September 1, 2008

Beyond Belief: Bill Maher Searches for God in 'Religulous'

On location at The Holy Land Experience in Orlando, Florida during production for <em>Religulous</em>

Religulous, the forthcoming documentary directed by Larry Charles (Borat; Curb Your Enthusiasm) and produced by and starring humorist/pundit Bill Maher, follows Maher around the world as he talks to believers about God and religion. Documentary spoke with Charles prior to the film's Toronto premiere.

 

Religulous is your first documentary. What inspired you to take the leap into the documentary genre?

Larry Charles: I've always been into documentaries, and I've seen a lot that got me much more excited than much of the corporate Hollywood product. Jean-Luc Godard once said that he doesn't make political films; he makes films politically. That's an interesting thought: What means are you using to make a movie? Where's the money coming from? How subversive can you really make a product if it's being paid for by a multinational corporation, ultimately? So I wanted to see if I could make a low-budget movie outside the system, in an alternative way.

Bill had an idea about wanting to do something about religion, and my thesis was: Can you take a nonfiction, volatile, controversial, serious subject-maybe the most important subject of civilization, in a sense-and make an entertaining Saturday night date movie about it?

 

You were at BRITDOC this year, where the running theme was the fact that documentaries are stigmatized as too serious. How is humor more effective in exploring a deeper truth about a subject?

In some ways, it really boils down to who's going to go see it. What I've admired about Michael Moore, Errol Morris and Morgan Spurlock is that they have transcended those boundaries that come with the label of documentary. They're making nonfiction essays, really. With their humorous personalities, they're reaching an audience that is usually not reached with the more serious, somber documentaries-which, while essential, often don't reach any kind of an audience at all, and because of that, they are, at best, preaching to the converted. So I'm interested in reaching as large an audience as possible with something important and impactful.

 

You found an intriguing cast of characters in Religulous-mostly unknown, and mostly eccentric. Talk about the research process.

The research process was extremely extensive. What happens with a subject like religion is that you can't get to the top-of-the-line leaders, so we tried to get as close to the powers-that-be as we could. We cast a very wide net with people who were interesting. These people are out there-they have websites; they have advertising. We had a research staff, many of whom had worked on Borat, who are very resourceful people and know how to follow a lead.

 

How did you convince your subjects to be on camera?

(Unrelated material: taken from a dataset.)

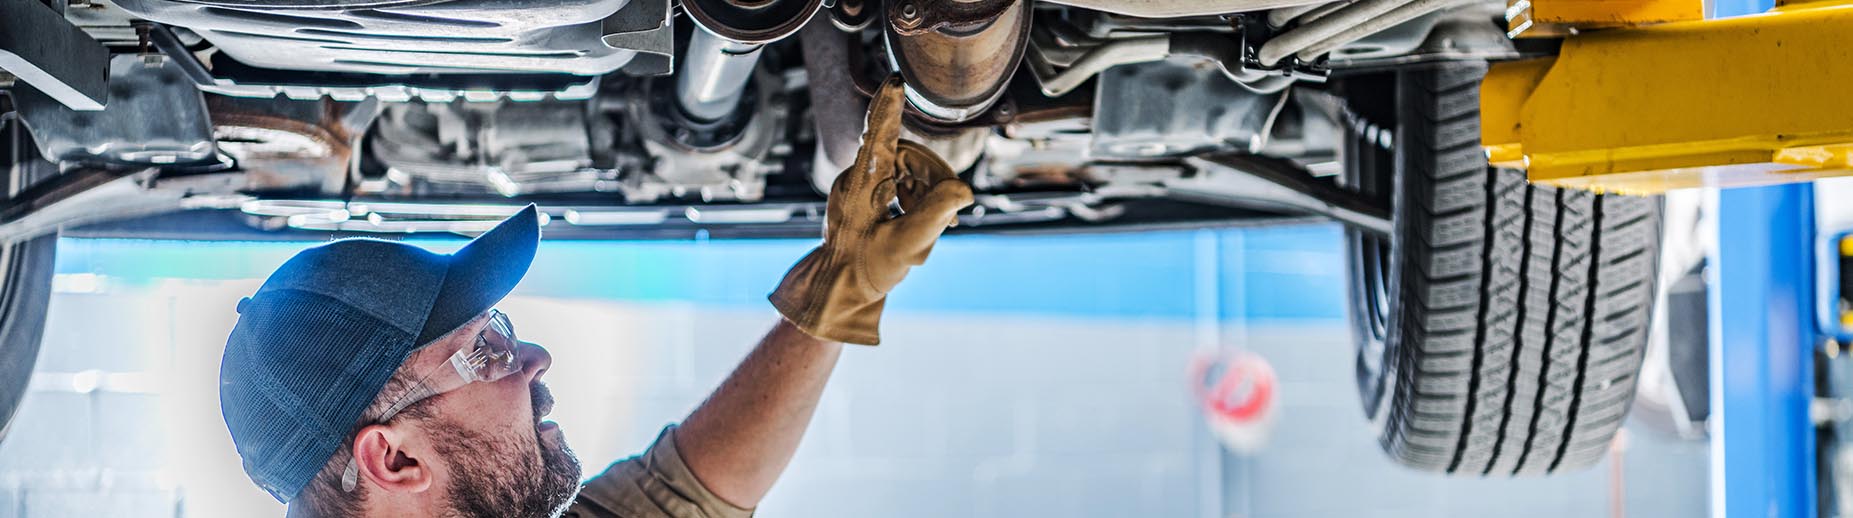 Vallejo Catalytic Converter Services, Exhaust Repair and Auto Repair

With certain people who are willing to talk-and this is something I learned from Borat-no matter how absurd their beliefs are and no matter how they're perceived by others, they themselves perceive themselves as having something important to say and [as being] compelling speakers. They have enough ego and hubris to want to appear on camera, regardless.

 

Have they seen the film? Have you had screenings for them?

They're so spaced out [geographically] that it would be hard to do that, so no. The irony is, they'll probably be unhappy, but if the movie is successful they'll brag that they're in the movie. There are three phases in the aftermath to a movie like this: There's the complaining about it, then there's the embracing of it to get the publicity, then there are the lawsuits.

 

Religulous is Bill Maher's personal journey and inquiry into faith and spirituality-

-Which he felt was important because there are certain assumptions about him. We thought it would be very useful and fun and illuminating to see that he's a person, he has a background and a family, and he didn't just wake up one day and decide this is what he thought. It's an evolving process. That seemed like a crucial aspect of the story, so that we could listen to what he has to say and not assume immediately that he's got a point of view that we don't agree with or we do agree with or whatever. We wanted that aspect of it to have some grounding and also be unpredictable because of that.

 

How did this journey impact your faith and spirituality?

I kept learning things along the way; I tried to keep my mind open. I'm very open to many questions that revolve around spirituality and religion and theology. But as I became more convinced of what I don't know about the universe and the world and the future and the past and our destiny and our fate, I also became convinced that the belief system to which we cling to help us through that is utterly false. So I expanded my spirituality, and diminished a certain aspect of it as well.

 

Religulous opens October 3 through Lionsgate.

Thomas White is editor of Documentary.